What happened

Shares of Zoetis (ZTS -0.71%) were falling today after the animal pharmaceutical company posted disappointing results in its third-quarter earnings report, missing the mark on both top and bottom lines, and lowered its guidance for the year.

The stock closed this Thursday afternoon down 11%.

So what

Revenue in Q3 grew just 1%, or 5% in constant currency, to $2 billion, which was below estimates at $2.09 billion.

Management cited challenges with supply chain, labor shortages, and currency headwinds due to the stronger dollar.

On the bottom line, adjusted earnings per share fell slightly from $1.25 to $1.21, missing estimates at $1.25. Adjusting for currency exchange, net income was up 2%, and a lower tax rate in the year-ago quarter also impacted results.

CEO Kristin Peck said,

As the world continues to face dynamic market conditions and uncertainty in the global economy, our business has been tested and continues to perform well based on our diverse, durable product portfolio and global scale.

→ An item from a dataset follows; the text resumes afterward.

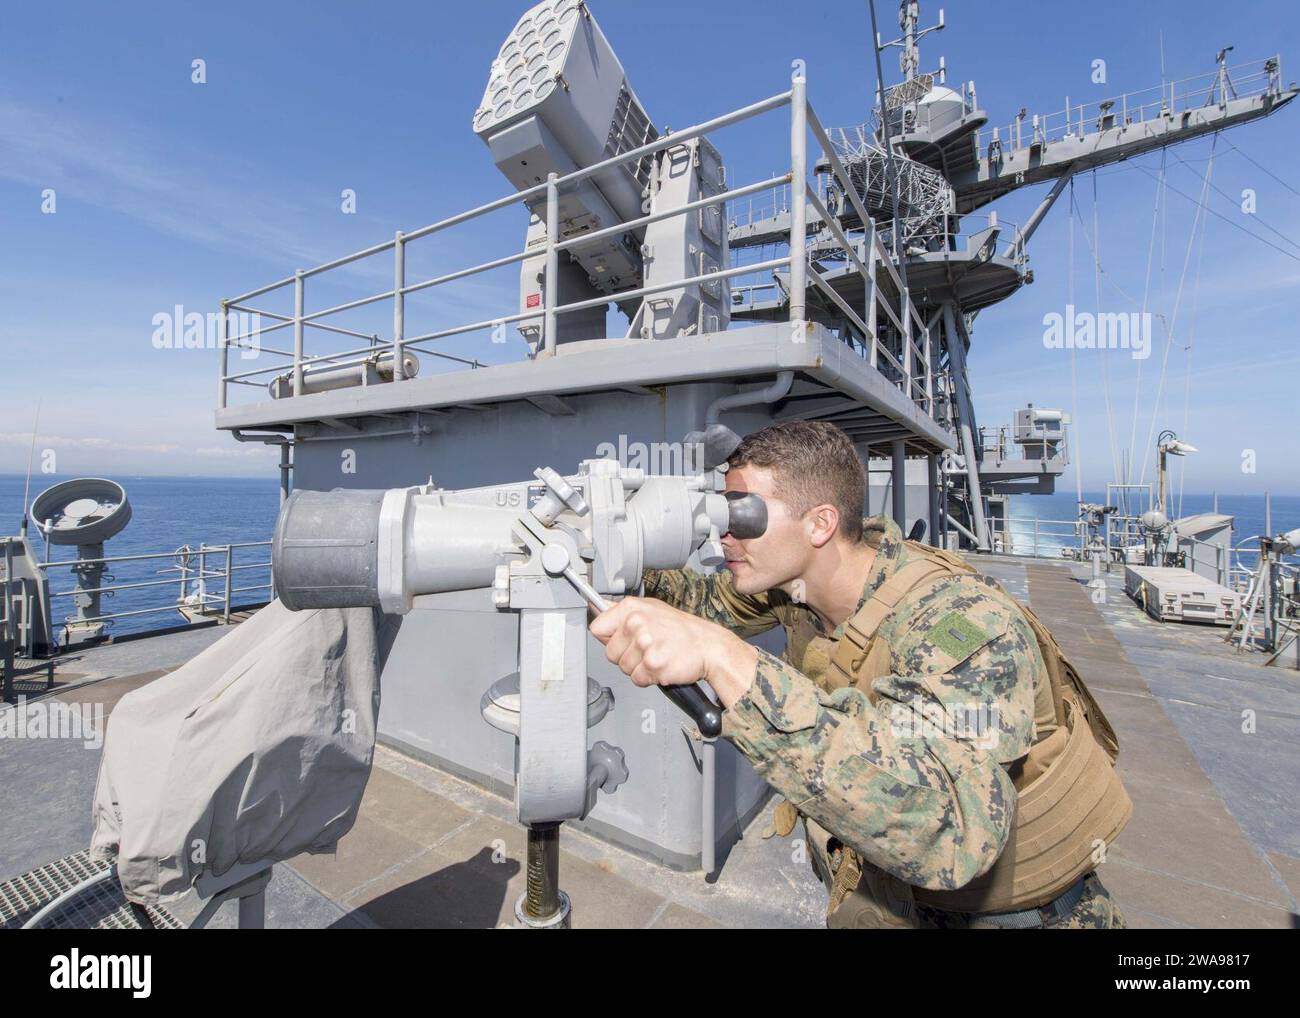 US military forces. 180522PC620-0066 STRAIT OF GIBRALTAR (May 22, 2018) U.S. Marine 1st Lt. Austin Lorah, stands lookout as the Harpers Ferry-class dock landing ship USS Oak Hill (LSD 51) transits the Strait of Gibraltar May 22, 2018. Oak Hill, homeported in Virginia Beach, Virginia, is conducting naval operations in the U.S. 6th Fleet area of operations. (U.S. Navy photo by Mass Communication Specialist 3rd Class Michael H. Lehman/Released) Stock Photo

She also said the company was lowering its full-year guidance due to supply chain and labor challenges, though she remains confident in the long-term growth of the business.

Now what

Looking ahead, the company dialed down its guidance for the year, calling for revenue of $8 billion to $8.08 billion, down from a previous range of $8.225 billion to $8.325 billion. It also cut its adjusted earnings-per-share guidance from $4.97 to $5.05 to $4.83 to $4.90. 

Despite the weakness, the company continues to invest in new products like monoclonal antibodies for osteoarthritis in cats and dogs. 

With the secular growth expected to continue in the pet industry, Zoetis remains in a strong position to capture that growth given its leadership in animal pharmaceuticals. Still, given the short-term headwinds, the stock deserves to pull back on the report.